I think grandfather is the one that's been around longest. Used to be the gold standard. Like mentioned above you need to look at capacity. I've looked at them and my concerns besides capacity was doing a decoction mash which I do a lot of. The slow boil and the cleaning. So you should look at features that make cleaning easier.
 
What does everyone here think of the Grainfather? Good unit? Worth the extra price?
I don’t use a GF kettle, I do use their fermentation adapter kits, as they allow remote temp control and Tilt integration via their app.

I think before you decide on what to get, you should ask yourself what you have by way of requirements.

110 vs. 220 is the obvious one. If you can do 220v, you will get a lot faster temperature adjustments, better boil, and will save time in the brew day.
If you can do a 220 kettle, I’d go for it. My Anvil uses 20a on a dedicated circuit, it’s overkill for 90% of my brewing as I usually do 6 gallon batches but it works nicely and temperature ramp up is way faster.
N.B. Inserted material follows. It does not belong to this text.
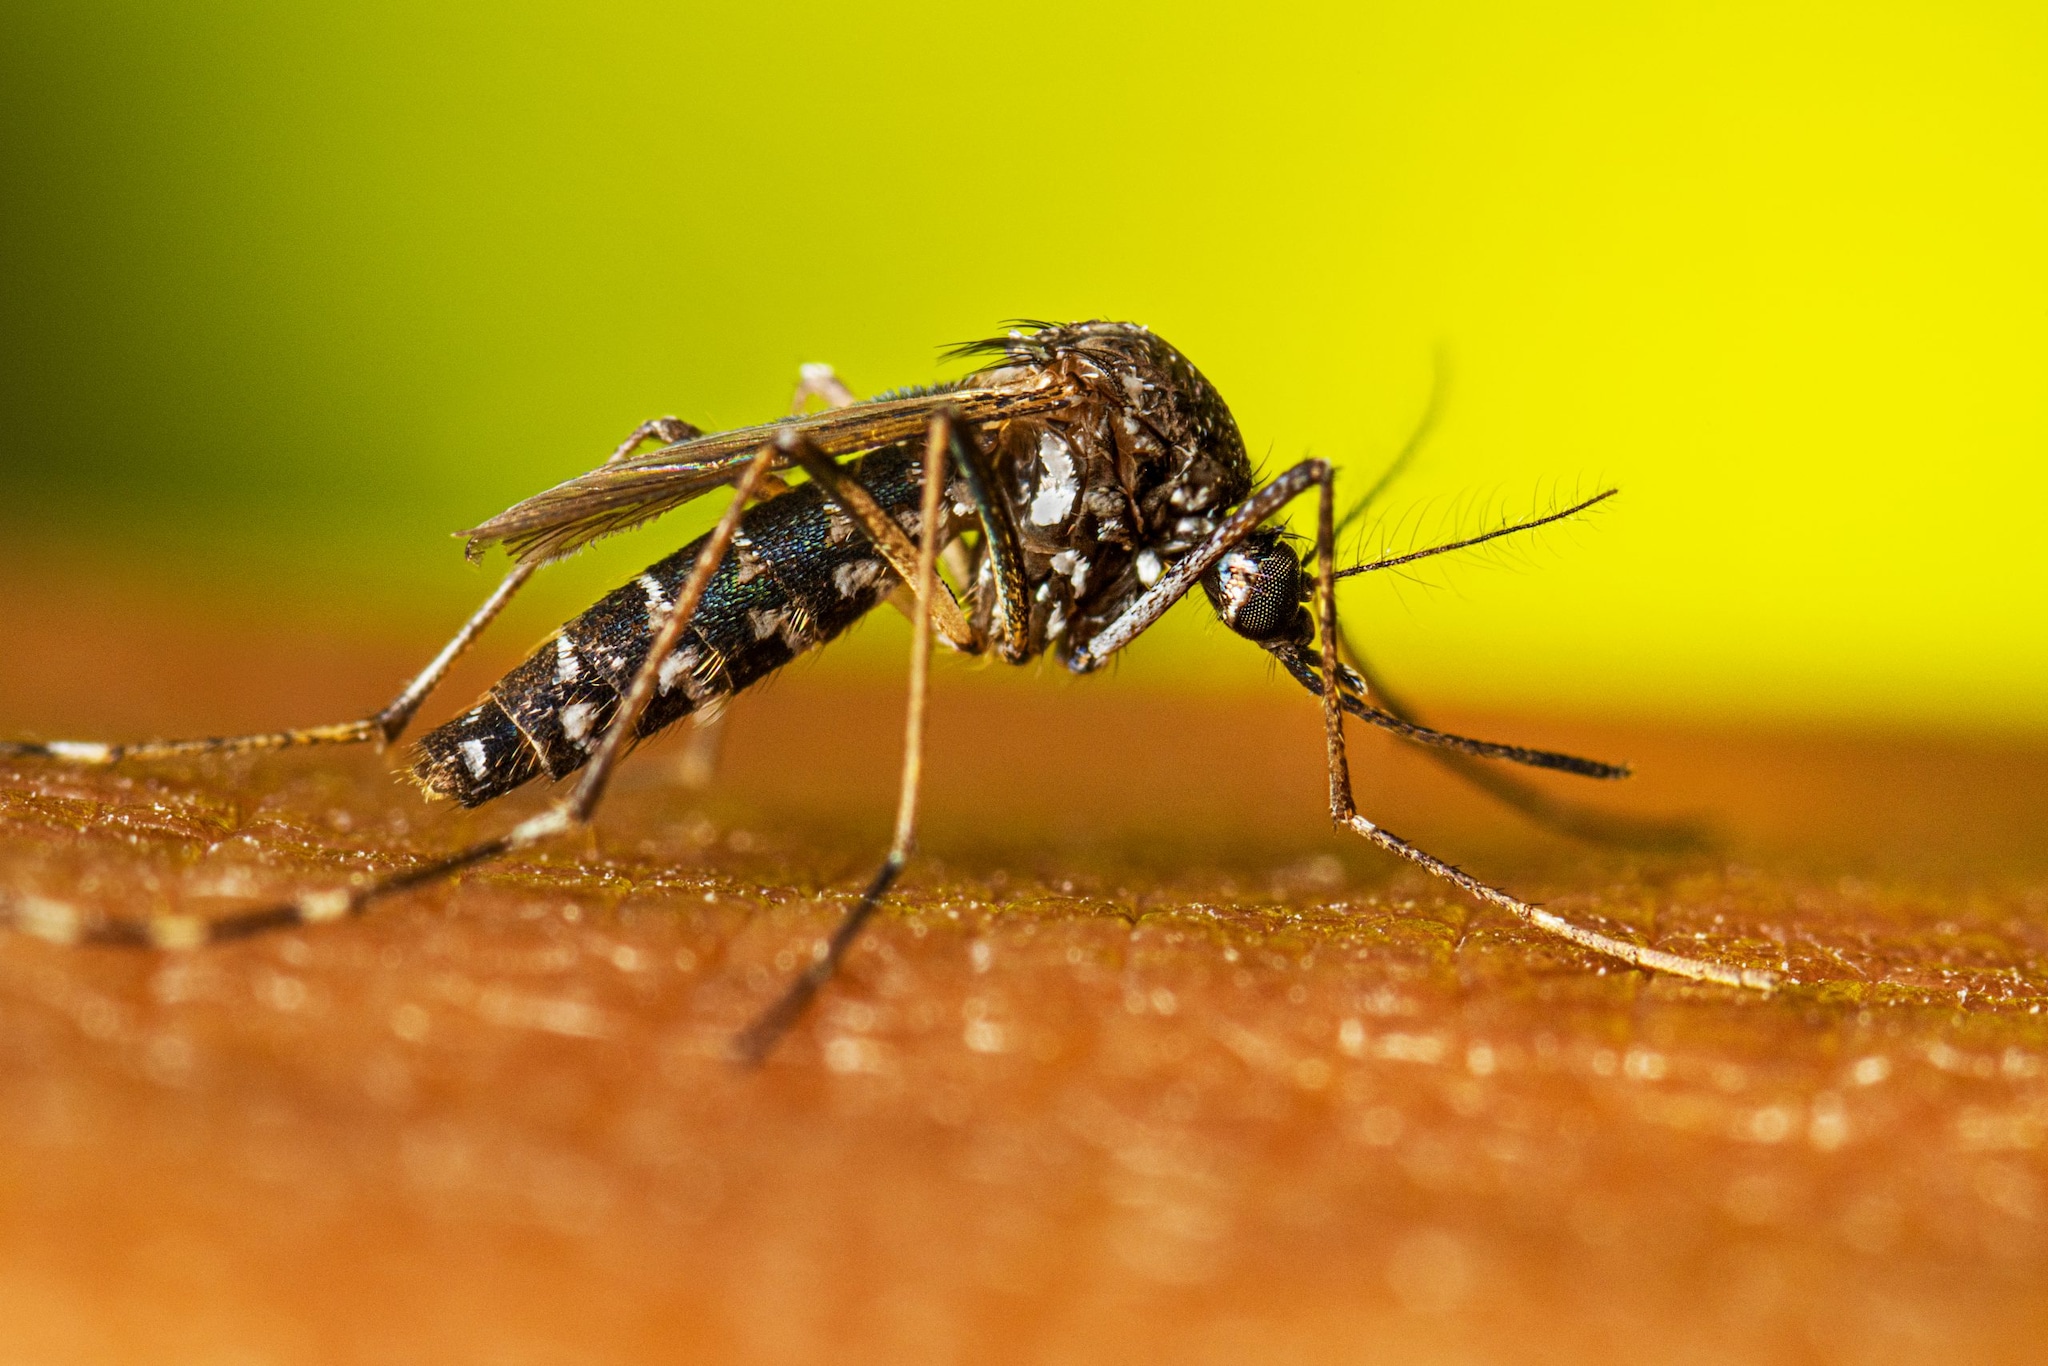 Adult female Aedes albopictus resting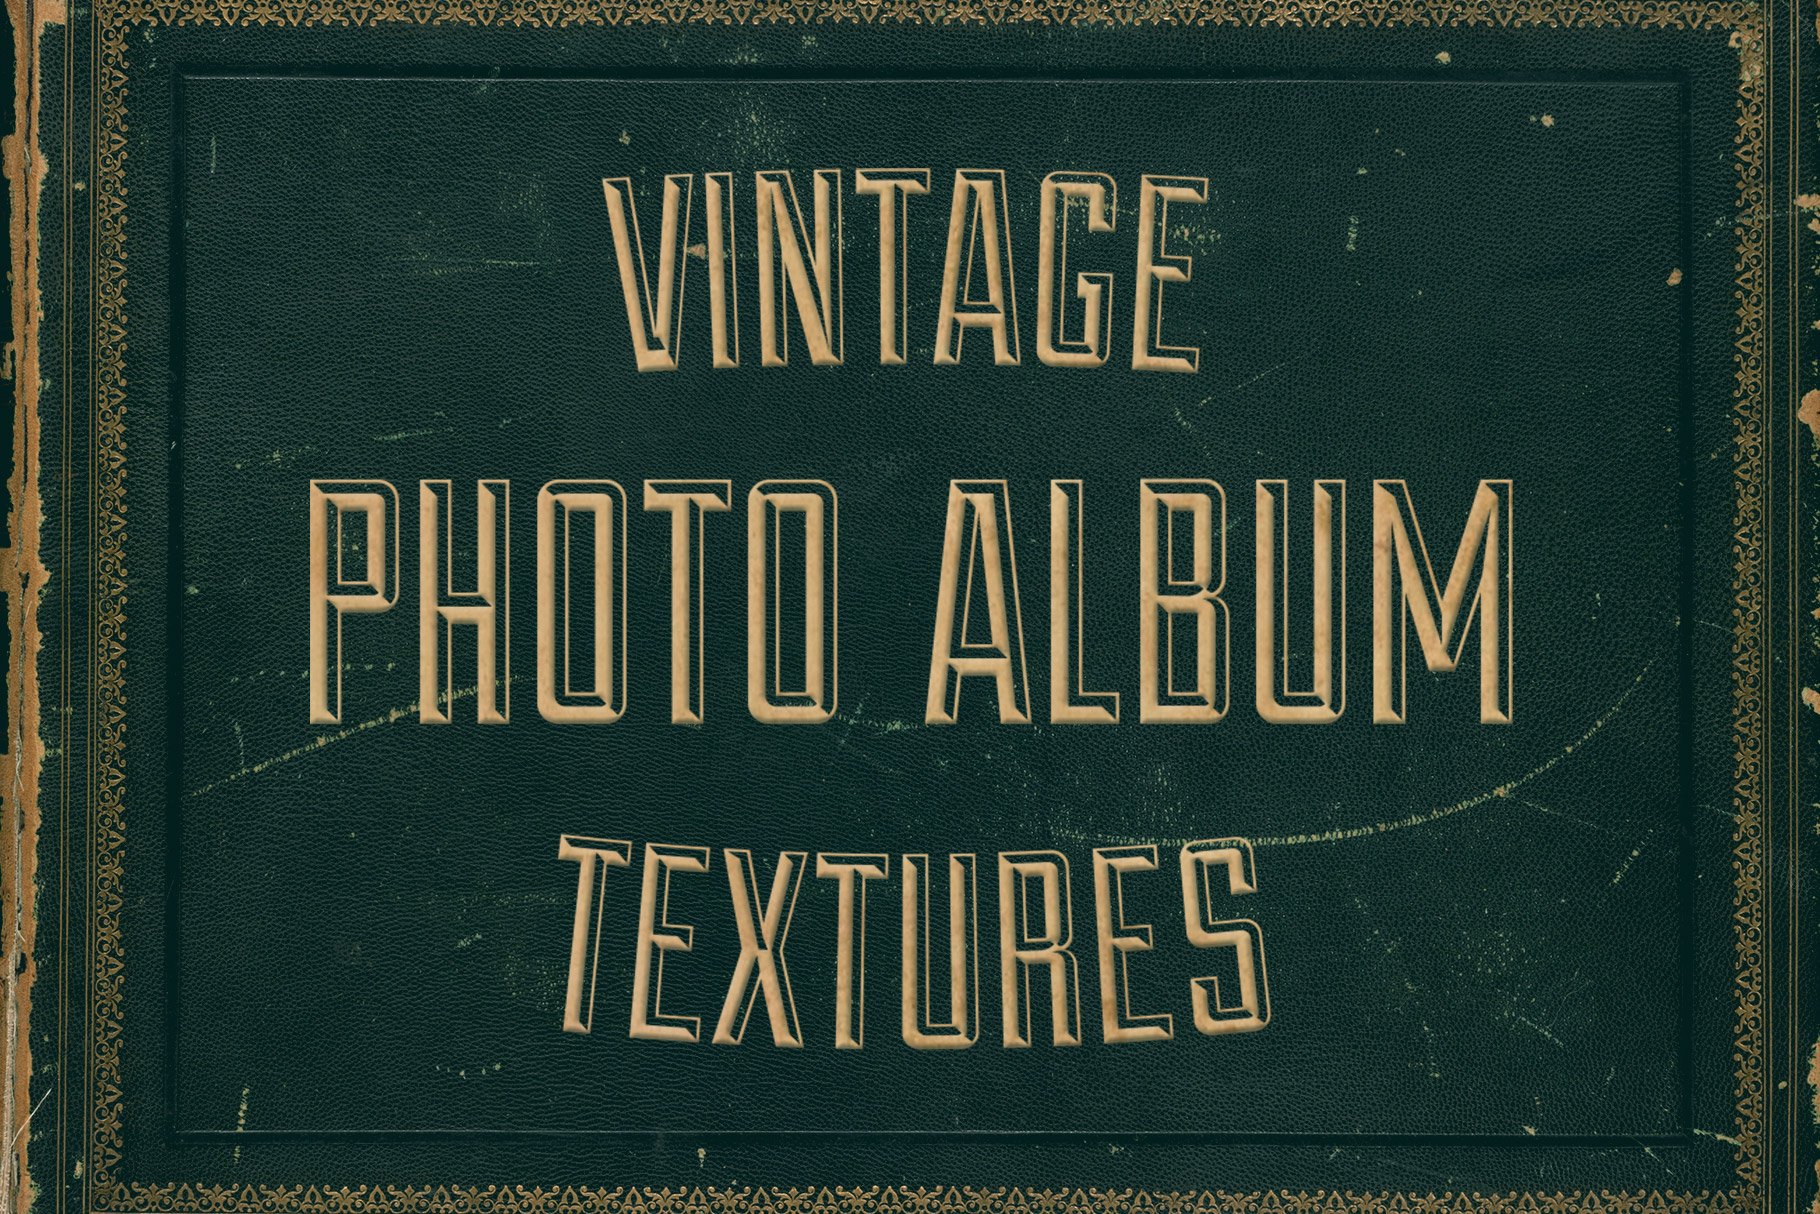 Vintage / Antique / Old Fashioned Photograph Album Templates Clip Art Set

Next, what features on you now broken system did you like and what would you improve. There are a lot of youtube videos on the various systems. Each of them have their own quirks and their own features. Watch some of the shakedown / comparison videos and see where you land.
 
One suggestion on the 220v all in ones. I use an Anvil. Fifty, sixty batches or so and counting. Only thing I changed was to add a sight glass.
For 220 V power I use an extension cord from the kitchen stove. Mine is in the basement at the far end of the house so the cord is prob 60 feet long. The dryer would have been closer but uesable.